Normed confusion matrix
By also filling the diagonals we are left with only the errors.
row_sums = conf_mx.sum(axis=1, keepdims=True)
norm_conf_mx= conf_mx /row_sums
np.fill_diagonal(norm_conf_mx, 0)
plt.figure(figsize=(8,8))
plt.matshow(norm_conf_mx, cmap=plt.cm.gray,fignum=1)
plt.show()
The light areas show where the errors are most profound, columns 8 and 9 are bright, meaning digits often get confused for being 8 or 9. The rows are also quite bright for 8 amd 9, meaning 8s and 9s are often confused for other digits.
3s and 5s are also confused for each other a lot.

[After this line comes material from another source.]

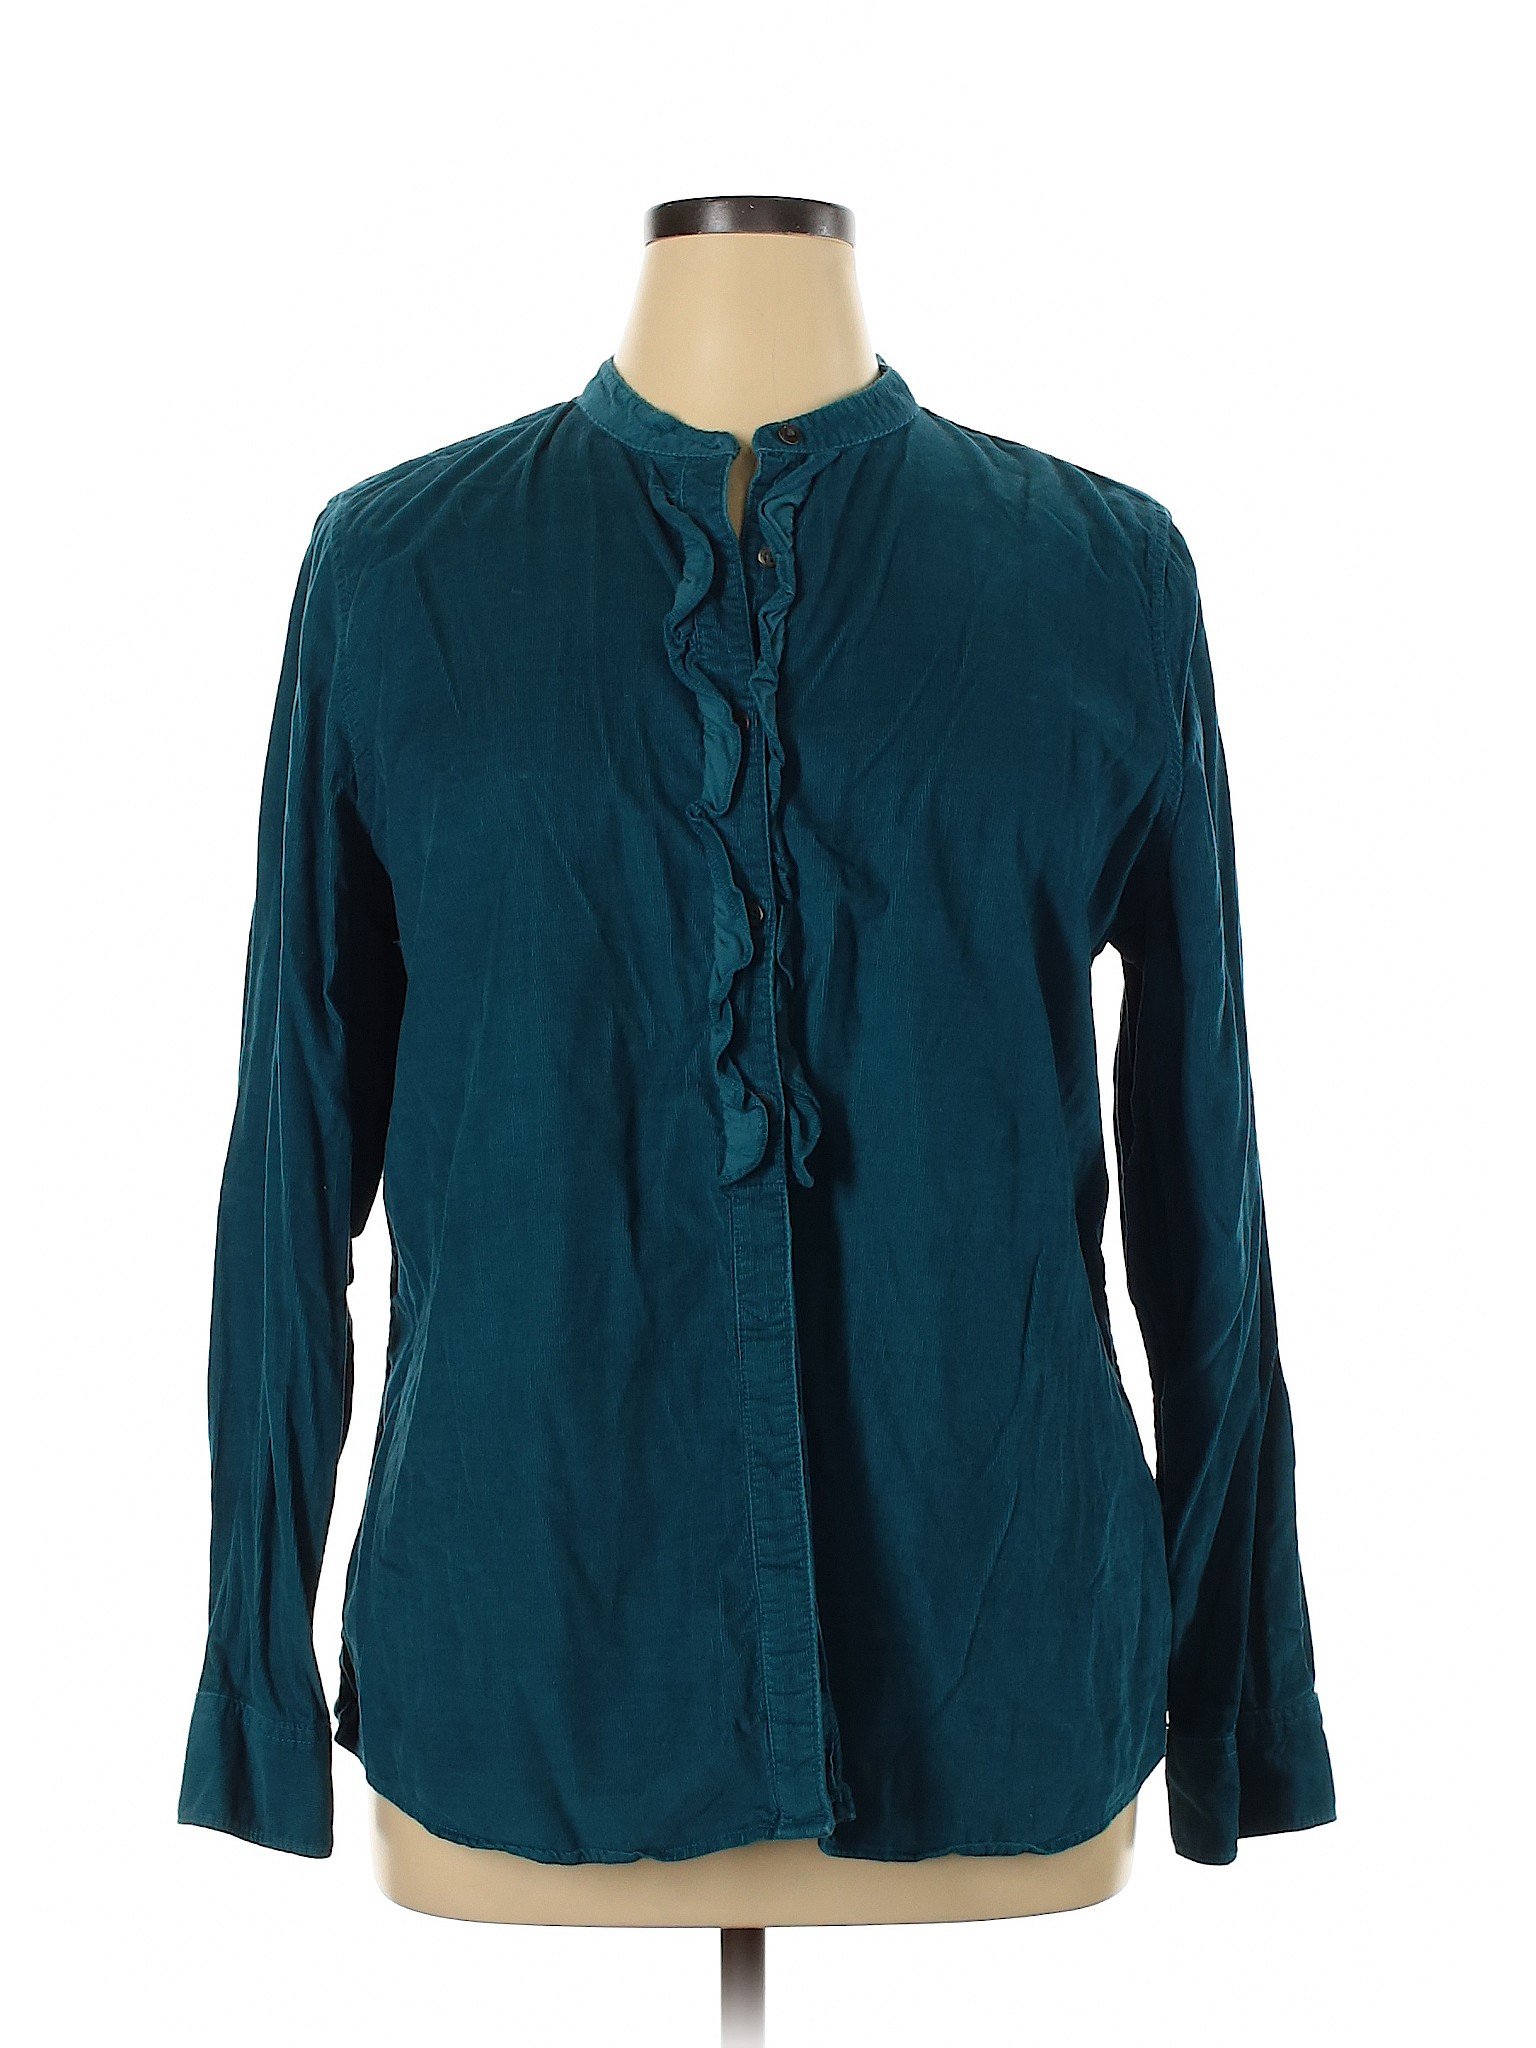 Lands' End Women Green Long Sleeve Button-Down Shirt XL | eBay

To address these problems we could add another feature - number of closed loops - and write an algorithm to detect these. We could also use image preprocessing software to make these and other features stand out more clearly to help our new or existing model detect the differences.
Testing our model on the test set
If we were going to add features, get more training data or further fine tune our model we would do this now. But for the purposes of this project, having tested several classifiers, ran tests scaling the input features and tuned the model parameters I am ready to use the best performing model to predict on the test set.
import ast
from sklearn.metrics import accuracy_score
best_params = ast.literal_eval(results['params'][0])

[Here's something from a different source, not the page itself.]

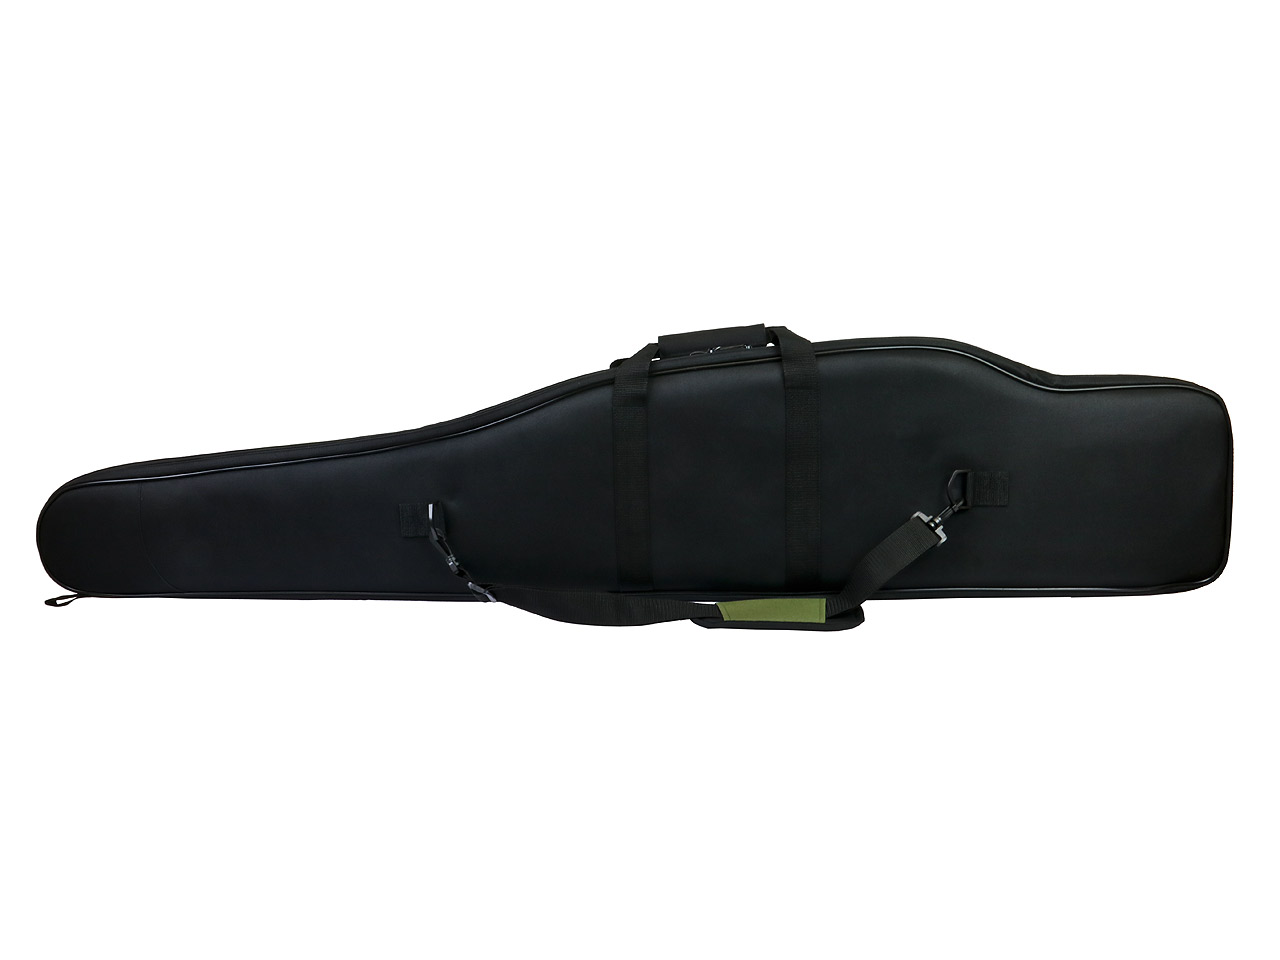 Gewehrfutteral, oliv-schwarz, 134 x 25 cm, Polyester, mit 2 Außentaschen, Tragegurt

model = RandomForestClassifier(**best_params)
model.fit(X_train,y_train)
predictions = model.predict(X_test)
print('Accuracy score for our final model : ',accuracy_score(y_test,predictions))

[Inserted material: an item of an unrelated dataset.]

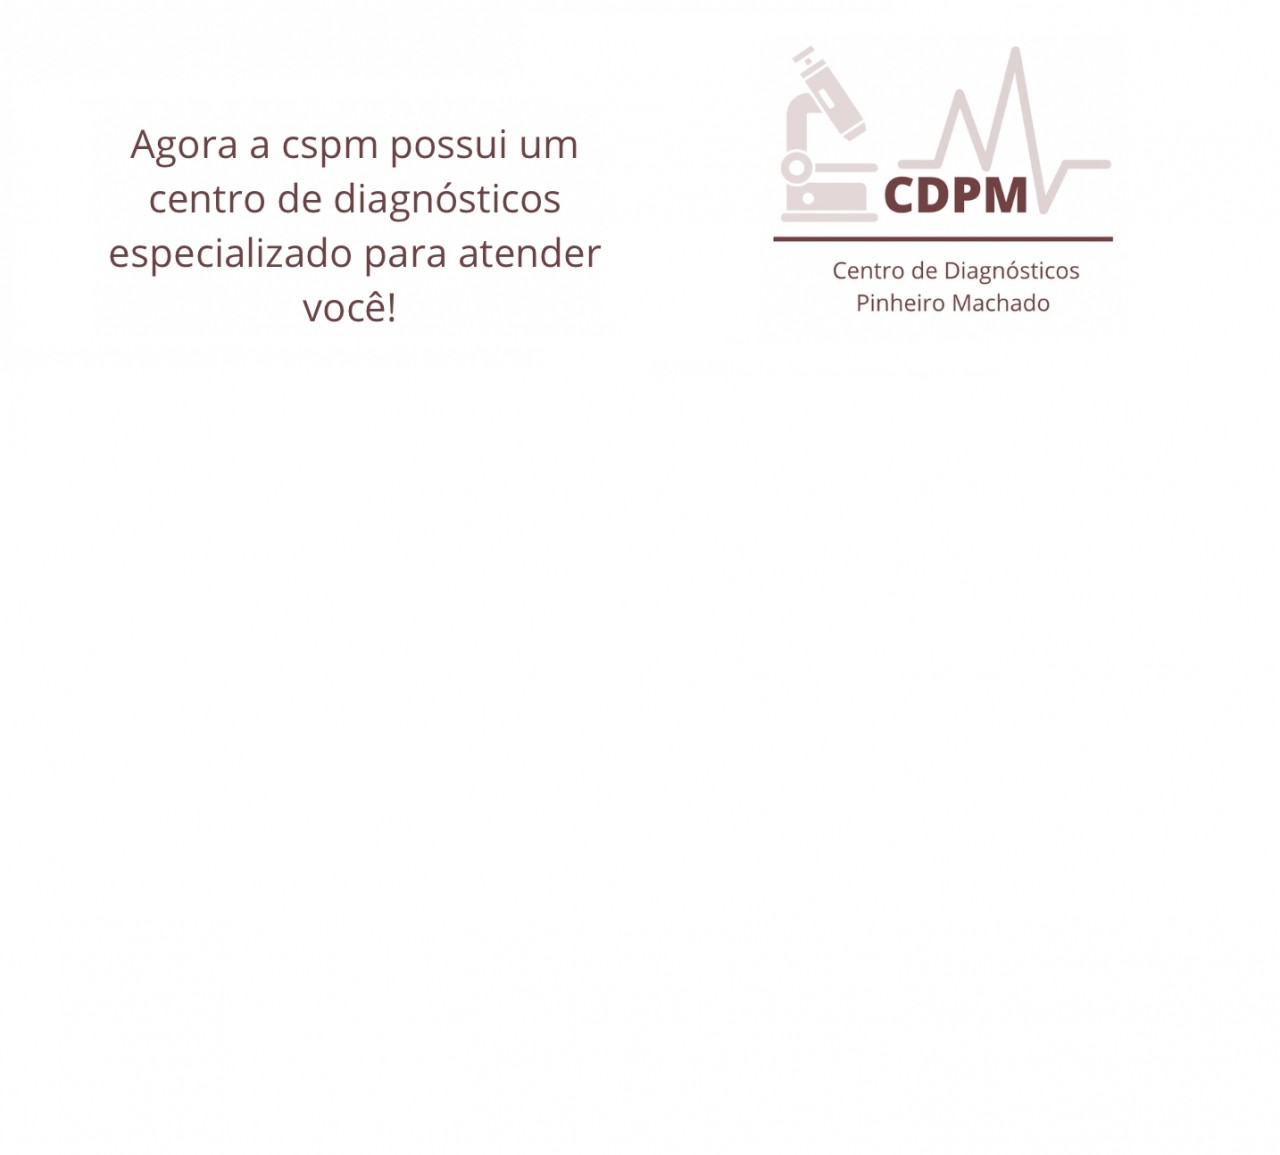 Conheça o CDPM - Centro de Diagnósticos Pinheiro Machado

Accuracy score for our final model : 0.9704
97% accuracy is a big improvement over our initial model
Conclusion and next steps
We have greatly improved our accuracy by several percentage points over our inital multiclass model, however ther are still many steps that could have be taken to improve it before we used the test set.
Grid search CV
Having searched the hyperparameter space using a random search we can now hone in on the best models with a more focused search around those values attempting to improve our scores.
Data augmentation
Not having any more training data available, we could create “new” images using our training set, rotating or shifting the images in different directions by just 1 pixel will create many different images for our models to train on.
Error evaluation
Repeating the error analysis, we could create an algorithm that detects closed loops or other distinct patterns, creating new features that many help our model reduce errors in problem areas.
It should be noted however that any further changes to our model now the test set has been used will lead to overfitting the test set and not generalizing well to new data.